The index of each entry in data.csv file will be used as the run name (run.name).
The details for each entry in data.csv will be written to the template_data section.
Machine/dataset specific parameters, such as major radius or the start time are grabbed from the IDS.
For more information, see the documentation for large scale validation.
%cat duqtools.template.yaml
Running duqduq setup will generate a new directory for each dataset in data.csv. Each directory is in itself a valid duqtools directory.
!duqduq setup --yes --force
This is what the directory looks like after setup.
!tree .
It creates a duqtools config in each of the subdirectories. At this stage you could modify each of the duqtools.yaml if you wish. The config is no different than for a single UQ run. This means you could docd data_01 and treat it as a single UQ run.
%cat data_01/duqtools.yaml
Create runs using duqduq create
This is the equivalent of duqtools create, but for a large number of runs.
It will take each of the duqtools configs generated and set up the jetto runs and imas data according to the specification.
Since this will take a long time, we will use the --dry_run option.
!duqduq create --force --dry-run
Submit to slurm using duqduq submit
Use duqduq submit to submit the jobs to slurm.
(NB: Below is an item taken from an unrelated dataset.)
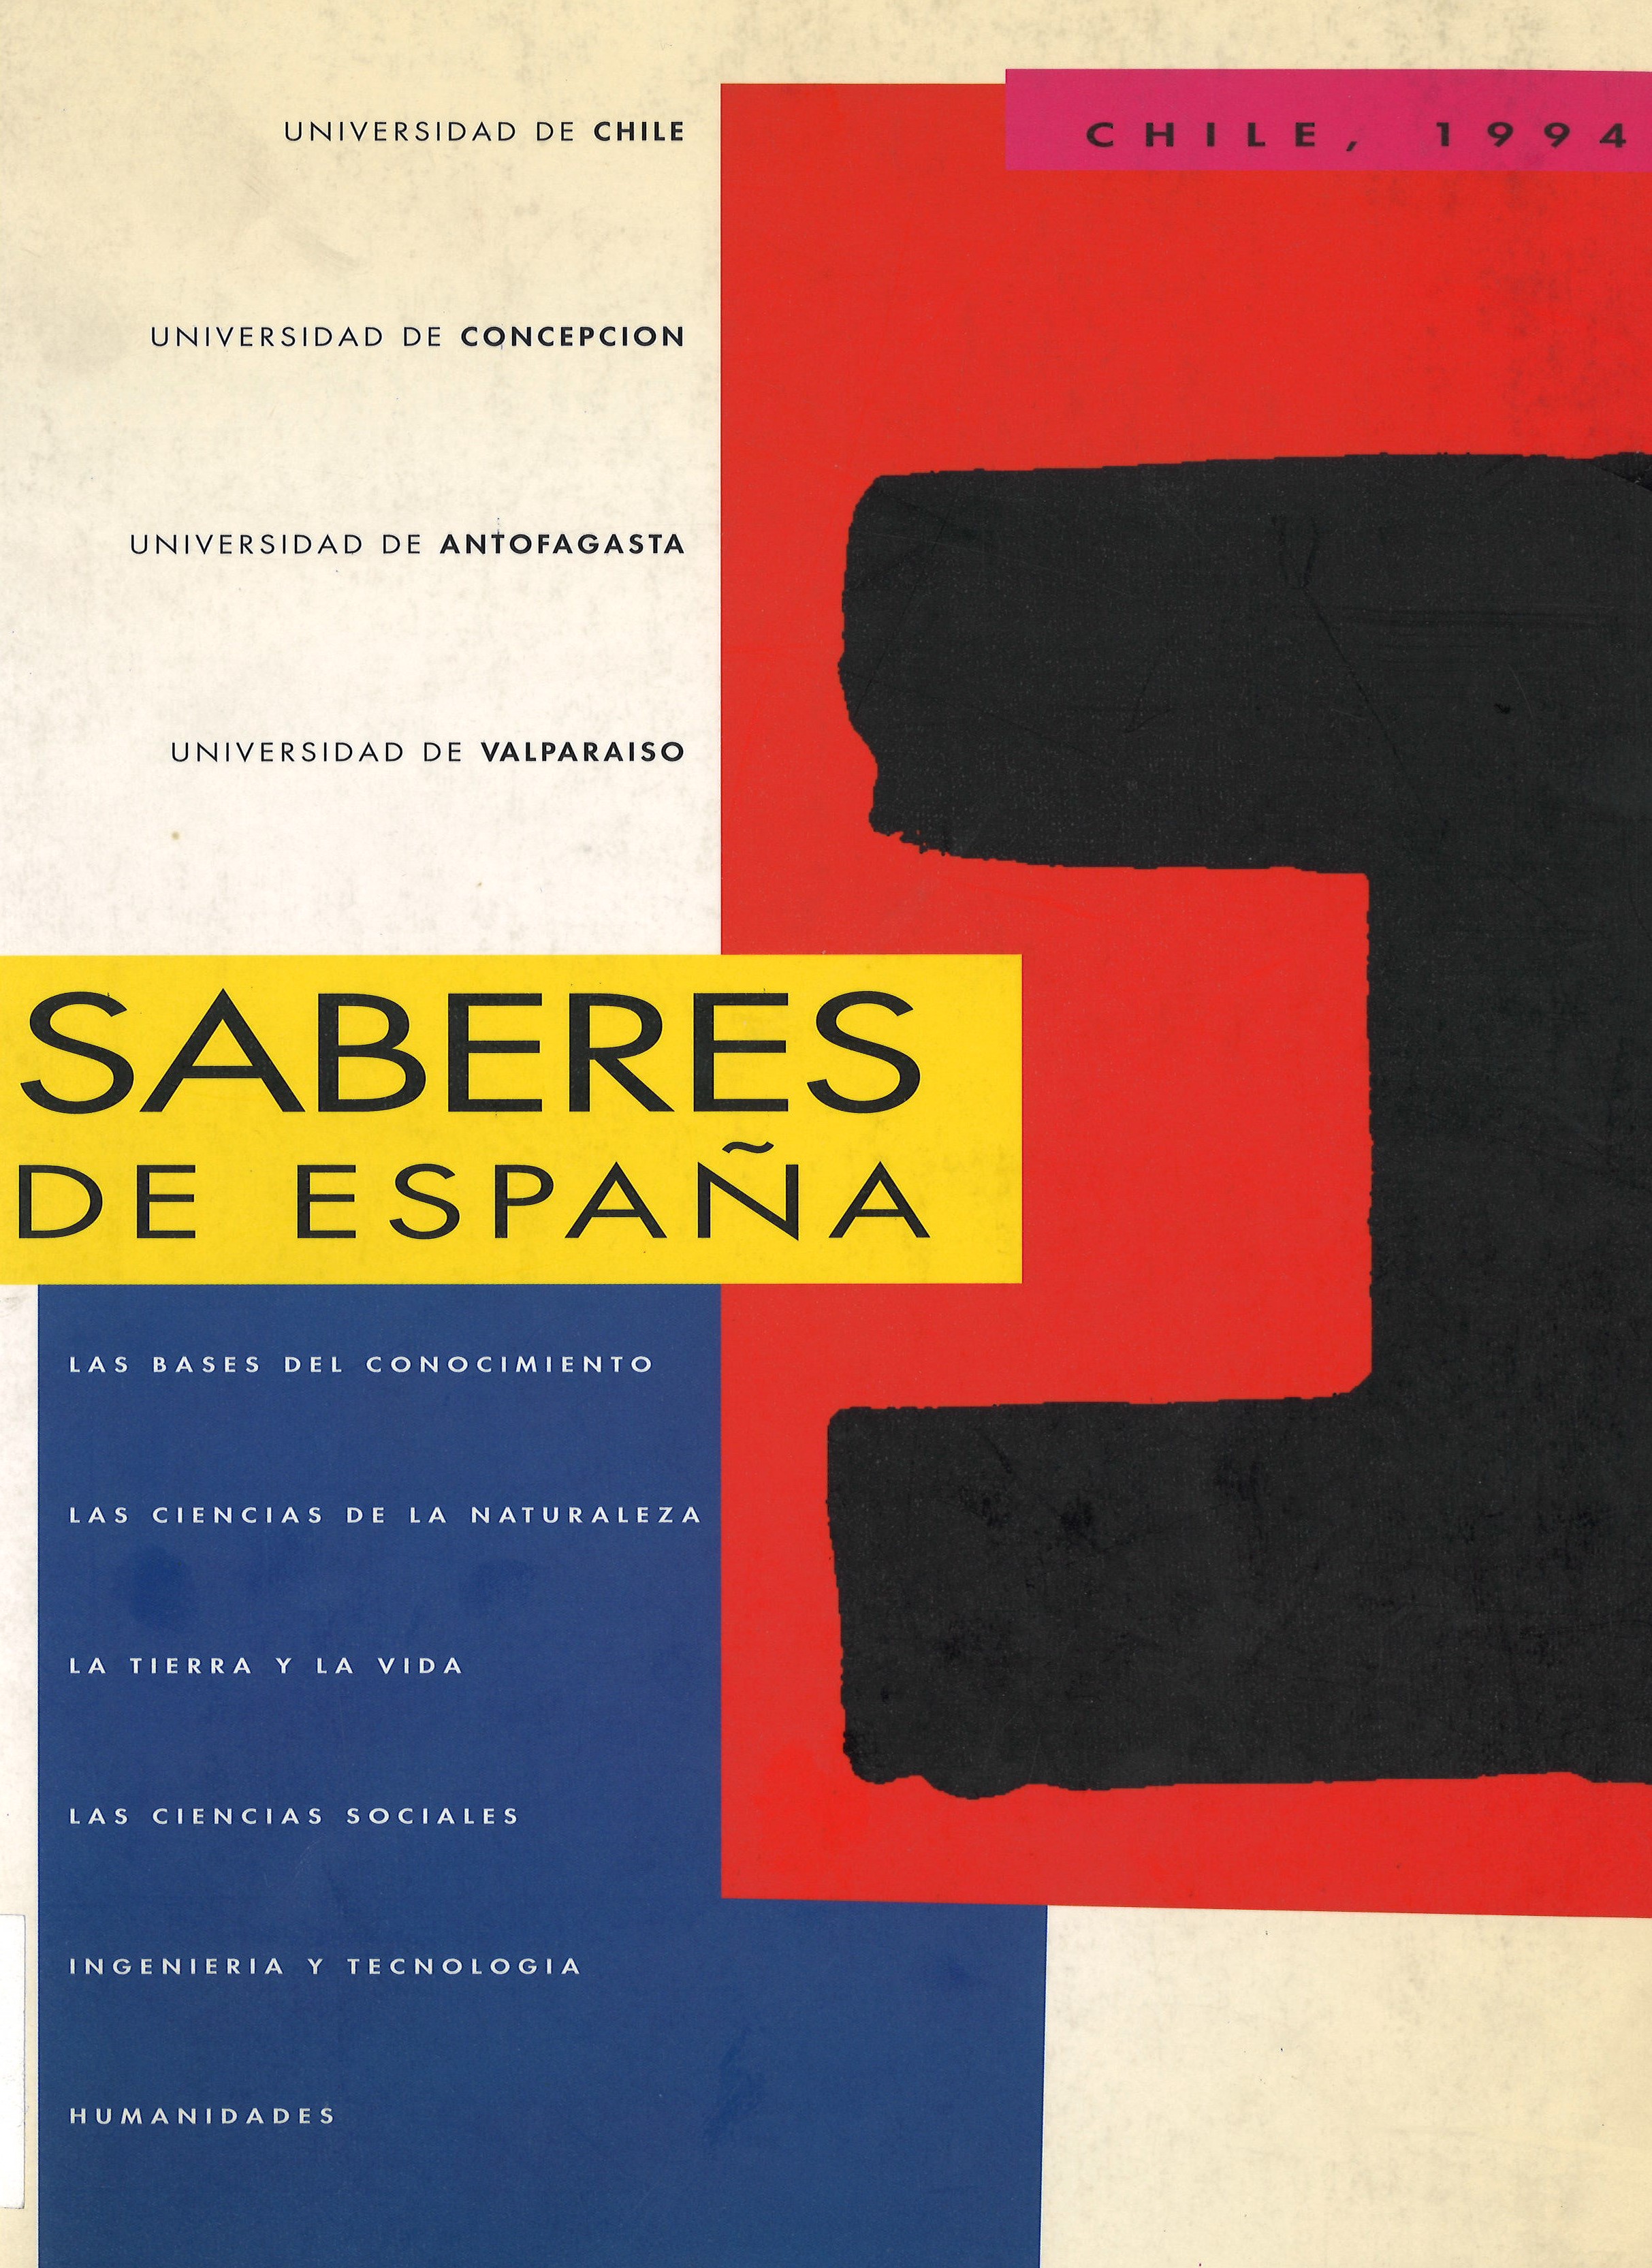 Imagen de portada del libro Saberes de España

This tool will find all jobs (.llcmd files in the subdirectories) and submit them to slurm.
Use the --array option to submit the jobs as a slurm array.
os.chdir(duqtools_dir_done)
!duqduq submit --array --max_jobs 10 --force --dry-run
duqduq status
Query the status using duqduq status. This essentially parses all the jetto.status files in the run directory.
!duqduq status
Overview of LSV output directory
The output of duqduq differs from a single run in that there is an additional directory layer with the name of the data entry. The logs directory contains the slurm logs.
os.chdir(run_dir)
!tree -L 1
Each directory is a run directory as you know it from a single UQ run.
!tree 'data_01' -L 1
Merge data using duqduq merge.
os.chdir(duqtools_dir_done)
!duqduq merge --force --dry-run
Merged data are stored in in a local imasdb for each data entry in the run directory.
os.chdir(run_dir)
!tree 'data_01/imasdb'
Data exploration with duqtools dash
The imas handles for each merged data set are stored in merge_data.csv. They can be visualized using the duqtools dashboard.
os.chdir(duqtools_dir_done)
!duqtools dash